I over think stuff. I mean everything. Conversations, actions everything. My mind is always analyzing and processing stuff. Just trying to play out scenarios. I predict how conversations are going to go, what other people are going to do and why. Basically my mind is like a Wall street trading floor. thoughts flying everywhere some good some bad. Usually this is fine but sometimes I get in my own way. I spend more time thinking instead of enjoying.
I started reading "The Power of Now" by Eckhart Tolle. It's a interesting book, dude might be a lil insane but he makes his point in a way I can understand. He basically says that you should control your mind not let it control you. It's just a tool. So you need to get the voices in a room and tell them who's boss... lol I can really really understand this. Sometimes I have a thought and I feel like I'm watching someone else think it, it's soo outside of who I am that it can't be mine.

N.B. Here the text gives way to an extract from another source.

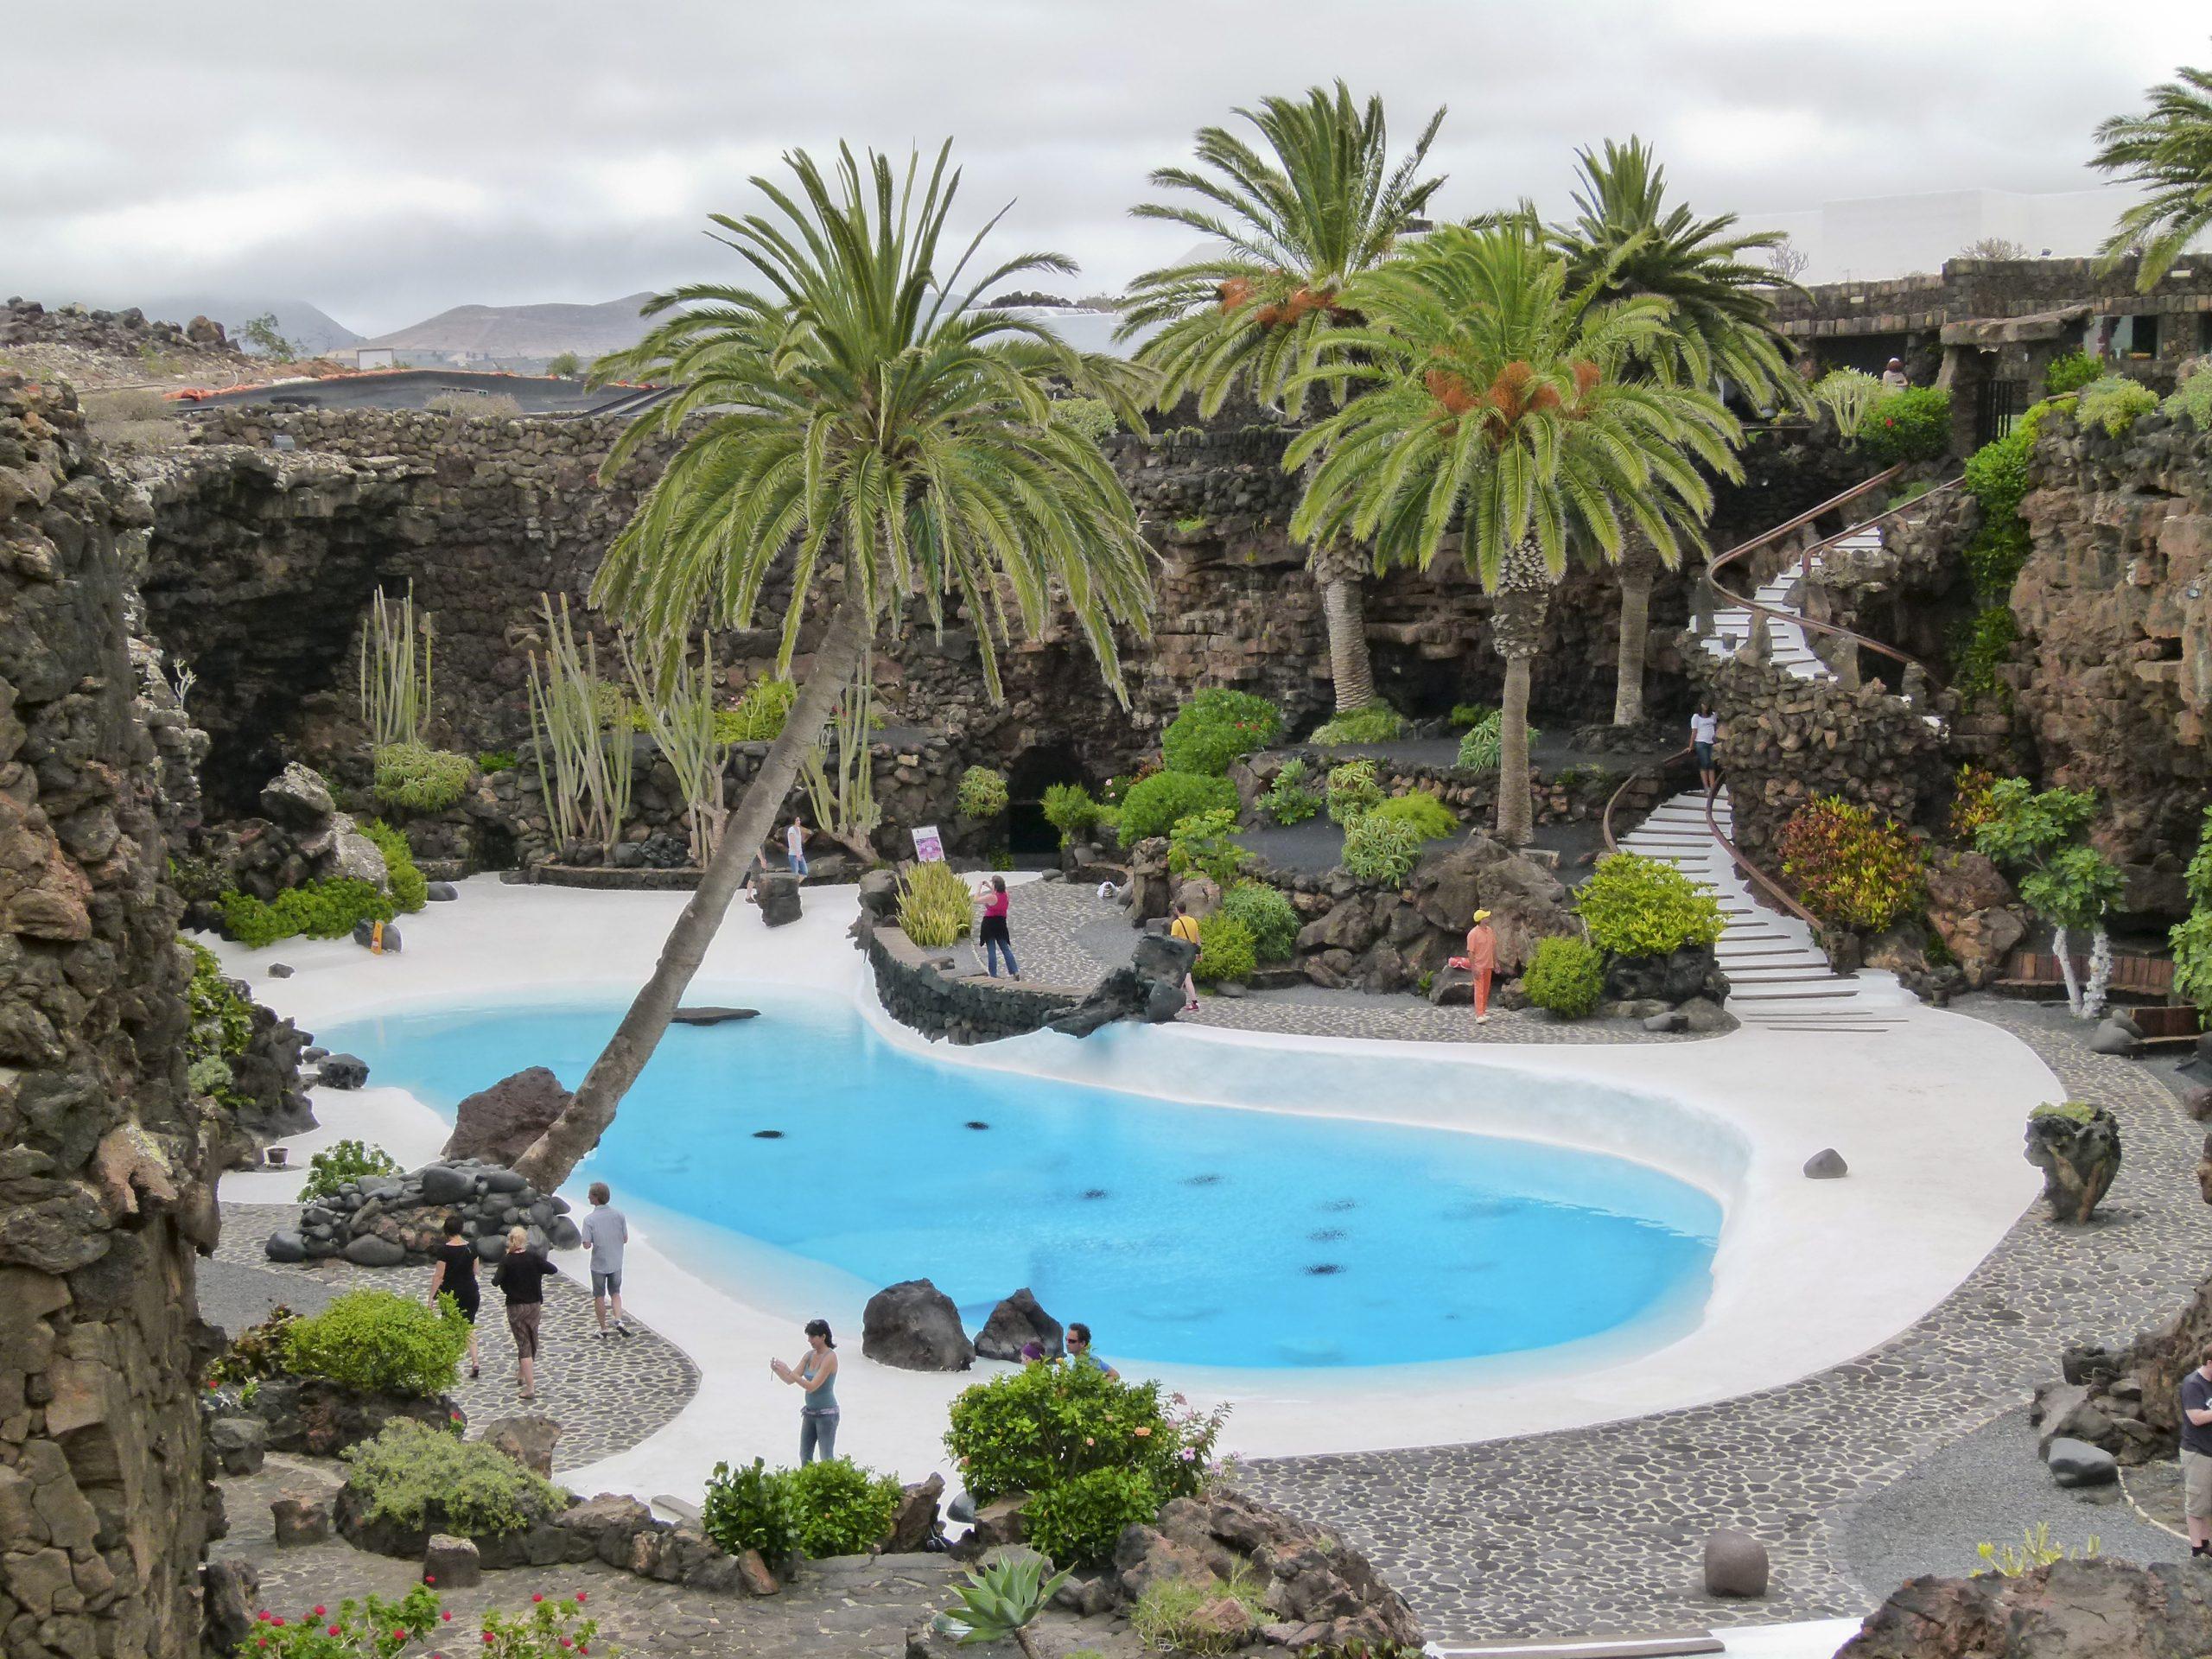 Rejsebureau tabte sag i Pakkerejse-Ankenævnet om en rejse for 12 personer til den kanariske ø Lanzarote. Her er det Jameos del Agua, en af Lanzarotes mest berømte turistattraktioner. Wikipediafoto: Norbert Nagel.

Like my mind is doing it's own thing.
I was talking to my cousin (lets call him twin because he's like my brother) and he was reminding me that I accomplish pretty much everything I set my sights on. He's right, when I focus and get my thoughts together I can do whatever I want. The problem is keeping that focus, keeping my mind from drifting off. Getting all those thoughts off the trading room floor and into a classroom so they can focus.
When my mind is focused I tend to enjoy the moment more. I'm not worried about the future, I live for the now. My mind has no time to play out future events because it's busy handling NOW issues.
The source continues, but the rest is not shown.